* What you are asked to do
Your copy should match the entries below exactly, apart from the images.

(Stored records)

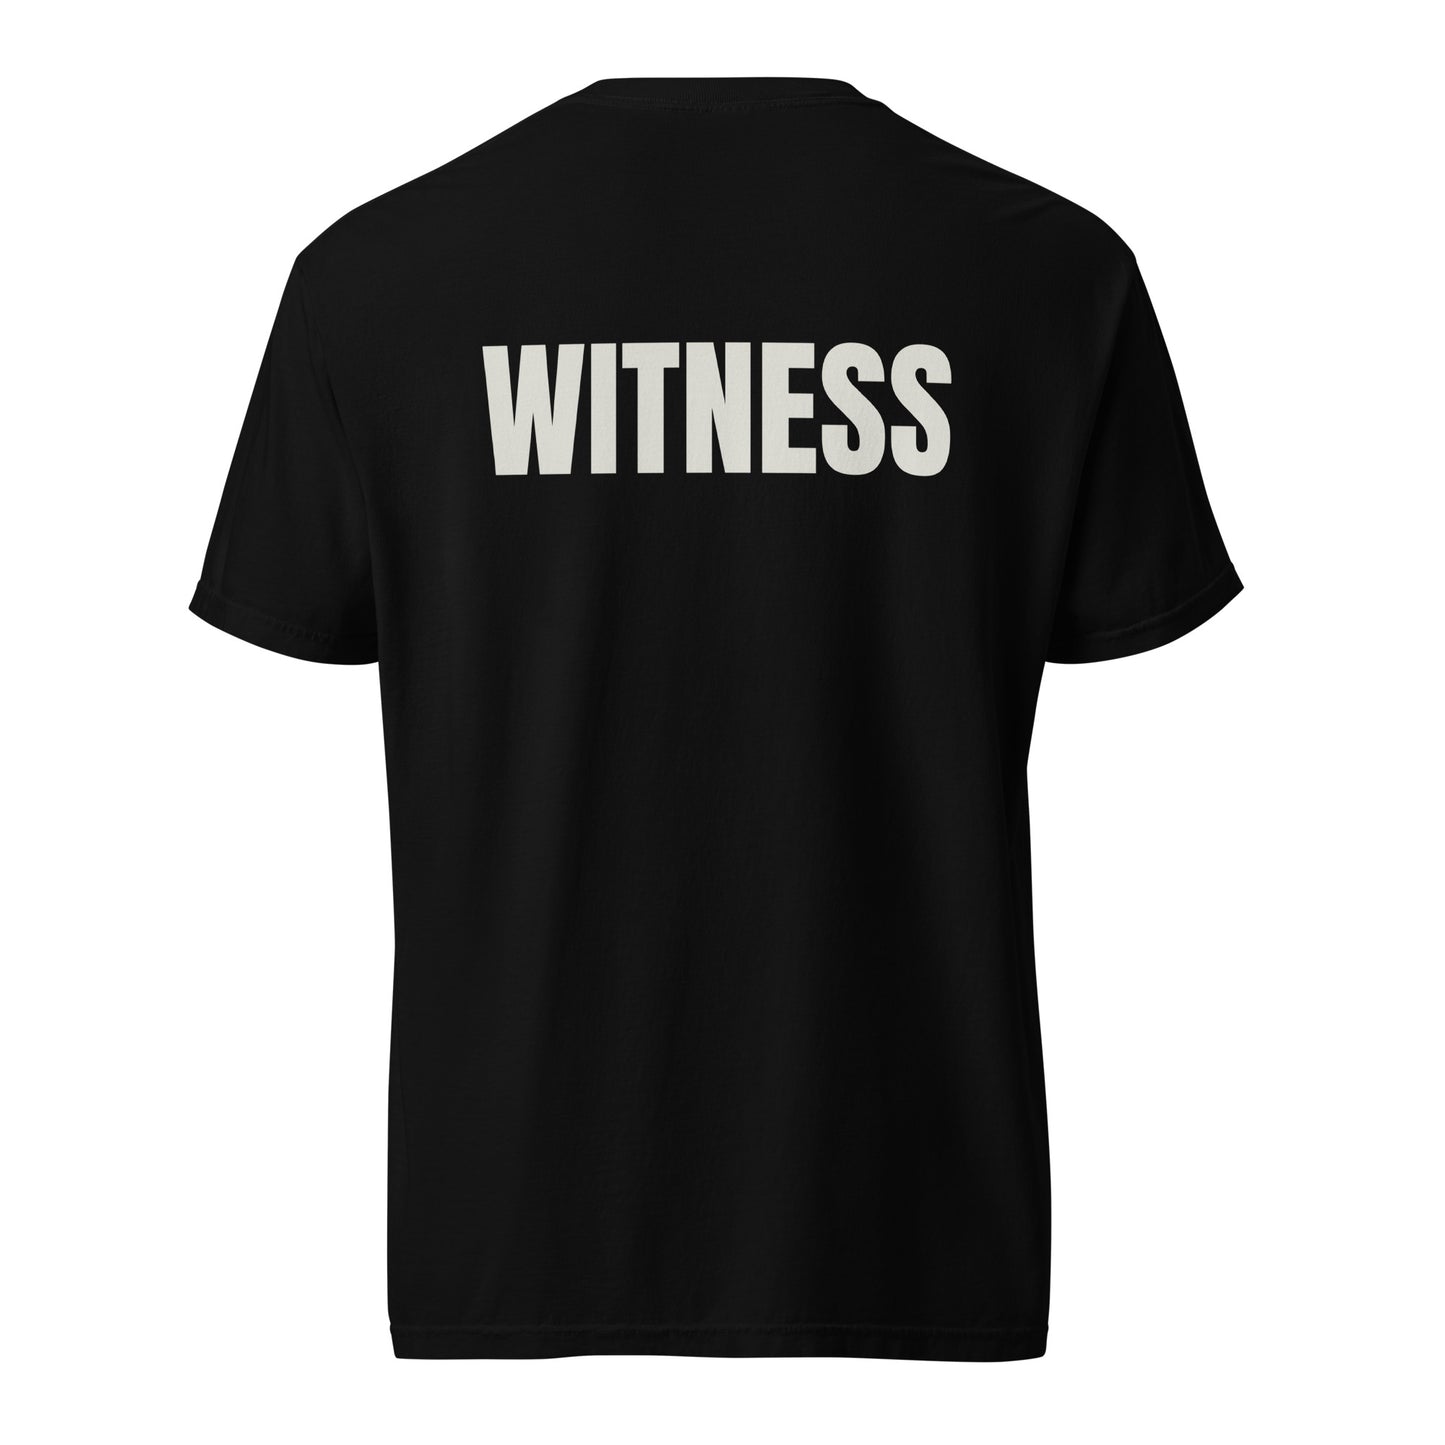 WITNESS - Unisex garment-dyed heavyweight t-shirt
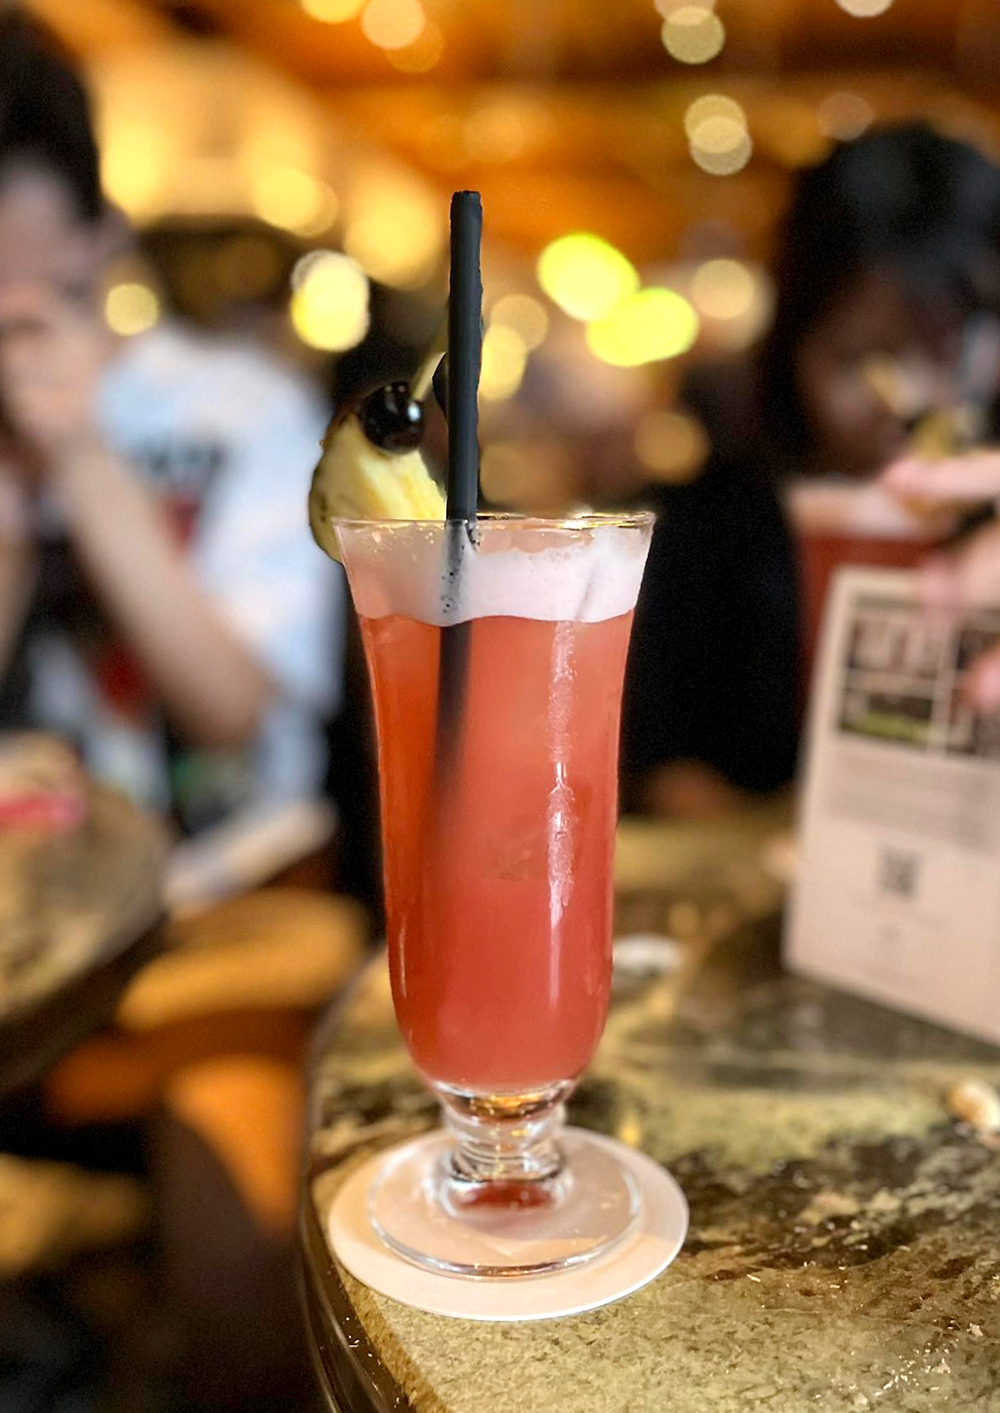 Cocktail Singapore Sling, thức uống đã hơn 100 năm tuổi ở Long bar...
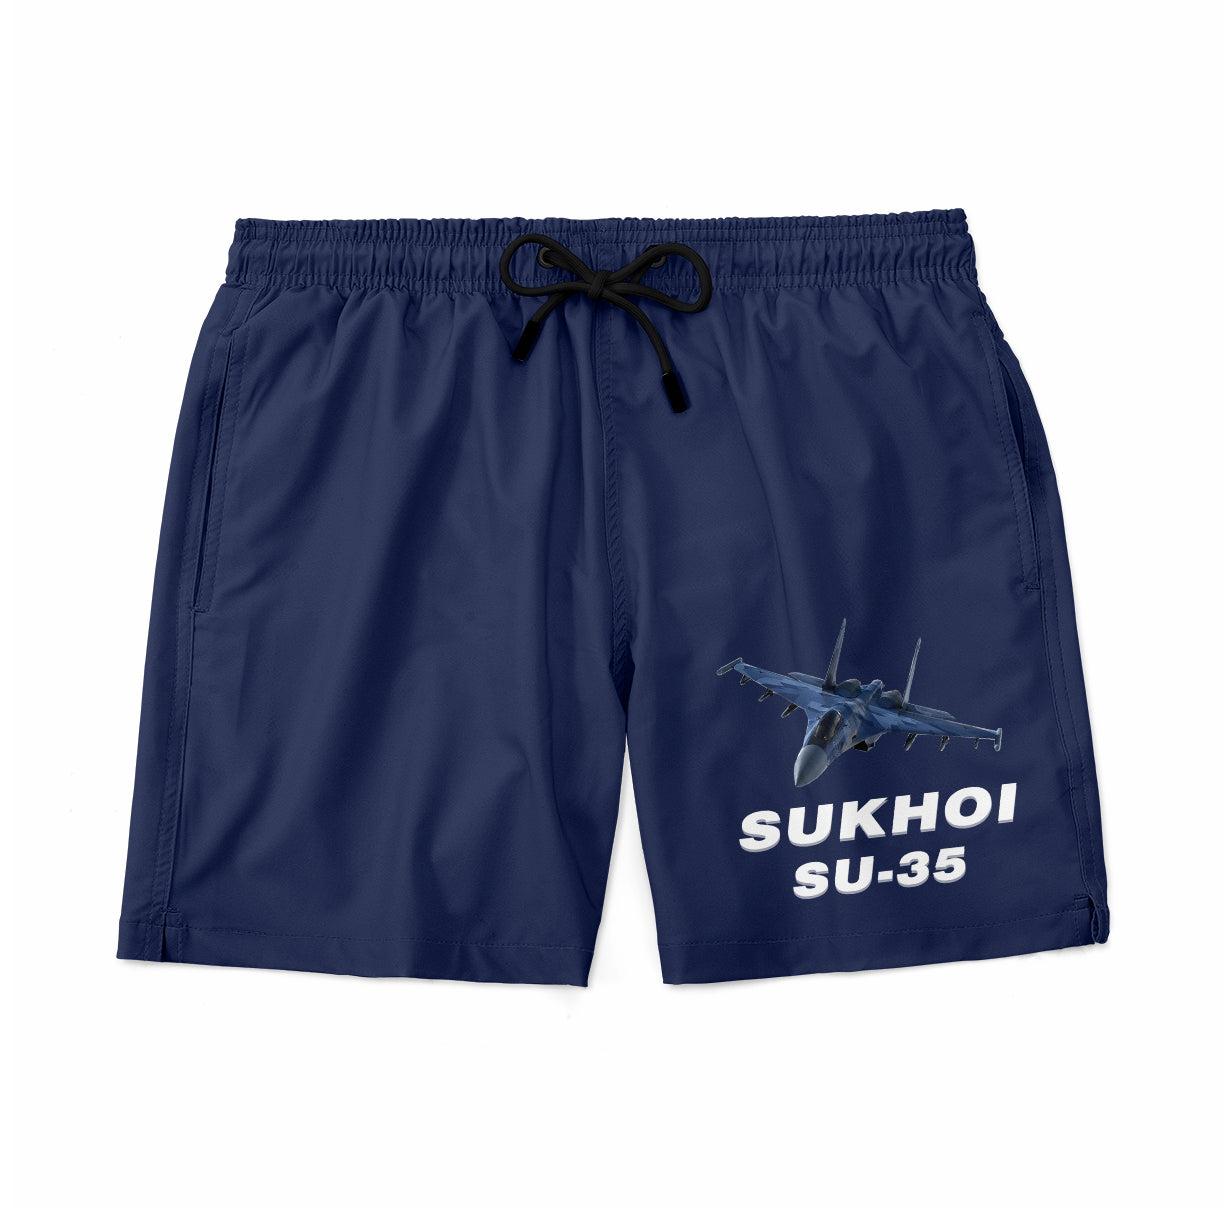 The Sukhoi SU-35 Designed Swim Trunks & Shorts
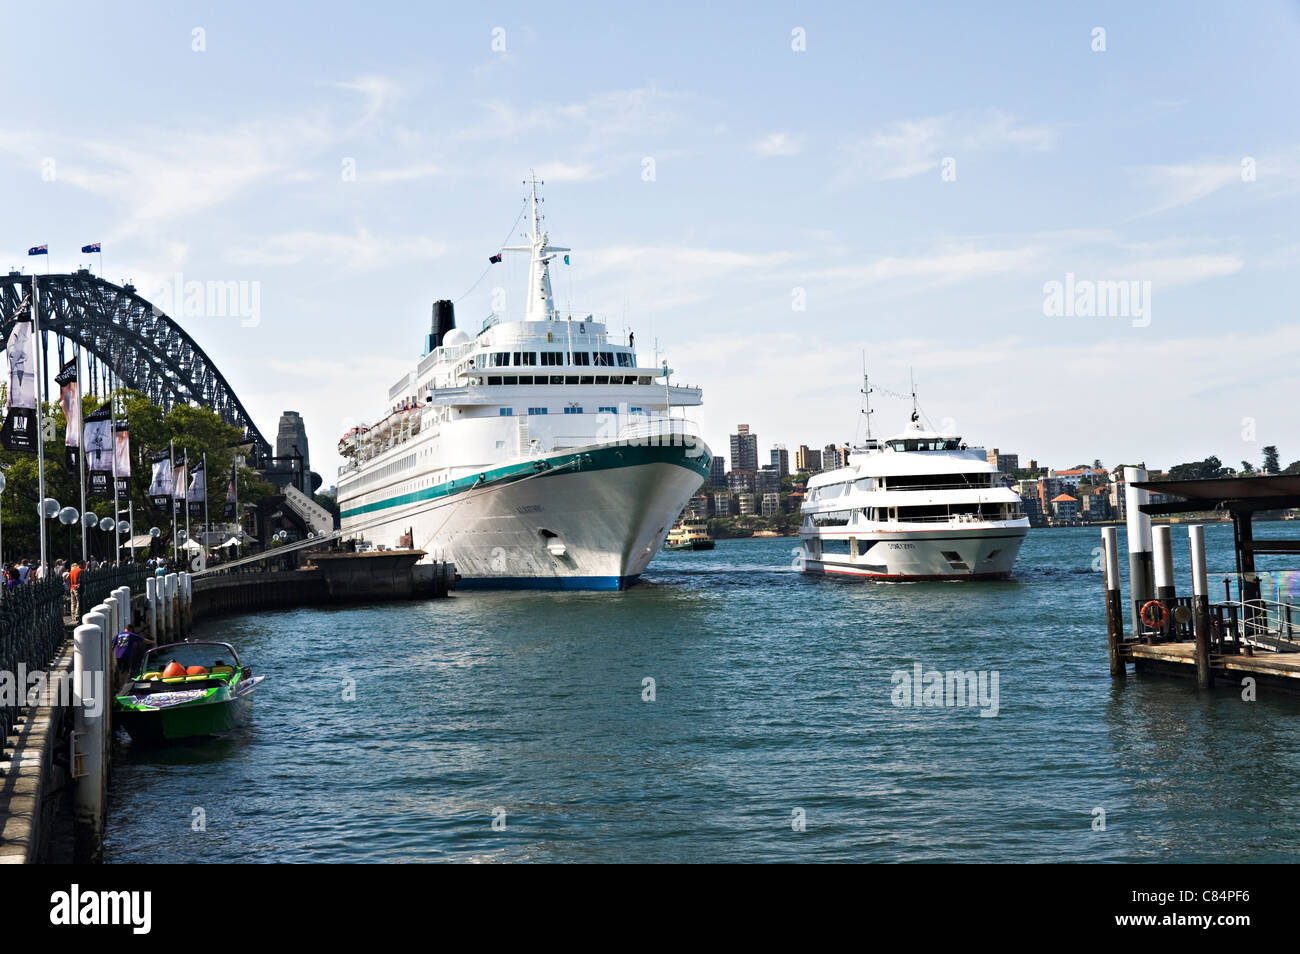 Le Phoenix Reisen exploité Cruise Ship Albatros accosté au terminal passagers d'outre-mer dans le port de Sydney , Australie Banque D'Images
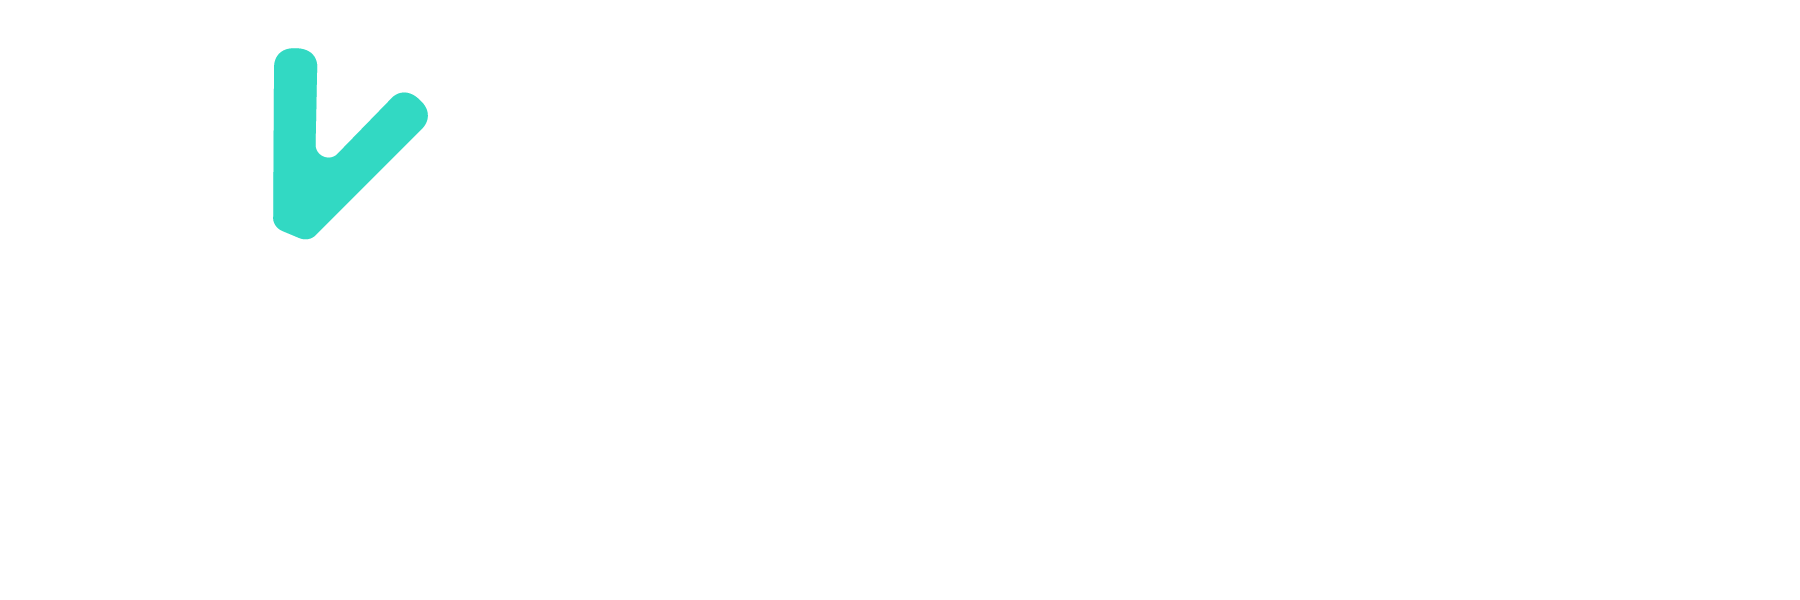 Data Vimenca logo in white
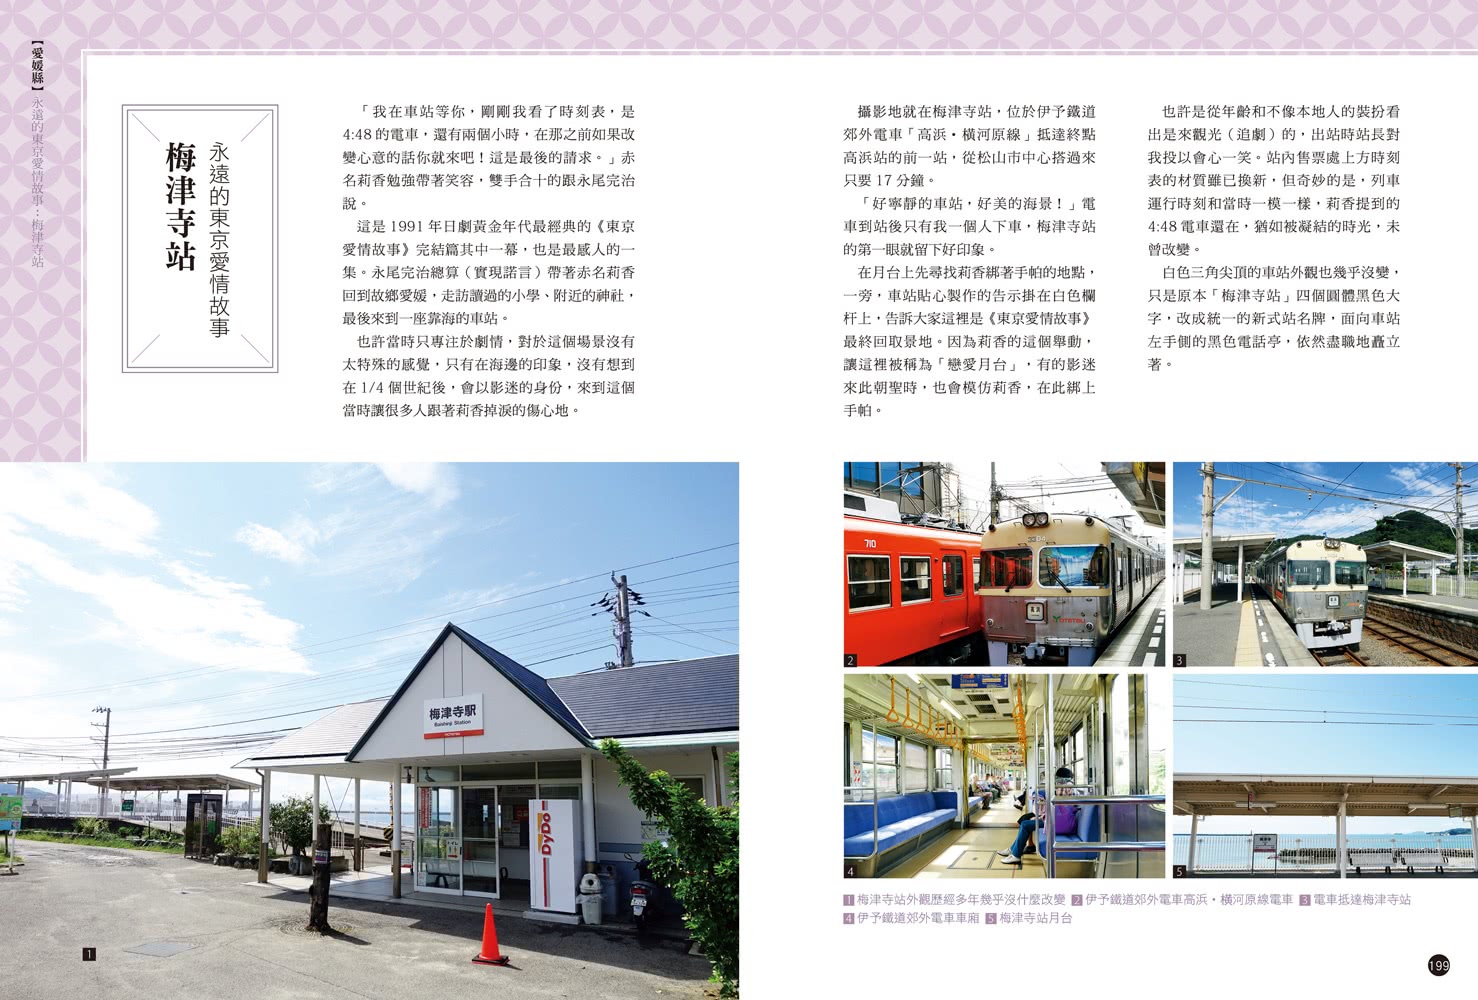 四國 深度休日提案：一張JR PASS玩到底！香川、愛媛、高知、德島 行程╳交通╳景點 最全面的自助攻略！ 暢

* Exercise solution
 WITNESS - Unisex garment-dyed heavyweight t-shirt
 Cocktail Singapore Sling, thức uống đã hơn 100 năm tuổi ở Long bar...
 The Sukhoi SU-35 Designed Swim Trunks & Shorts
 Le Phoenix Reisen exploité Cruise Ship Albatros accosté au terminal passagers d'outre-mer dans le port de Sydney , Australie Banque D'Images
 Data Vimenca logo in white
 四國 深度休日提案：一張JR PASS玩到底！香川、愛媛、高知、德島 行程╳交通╳景點 最全面的自助攻略！ 暢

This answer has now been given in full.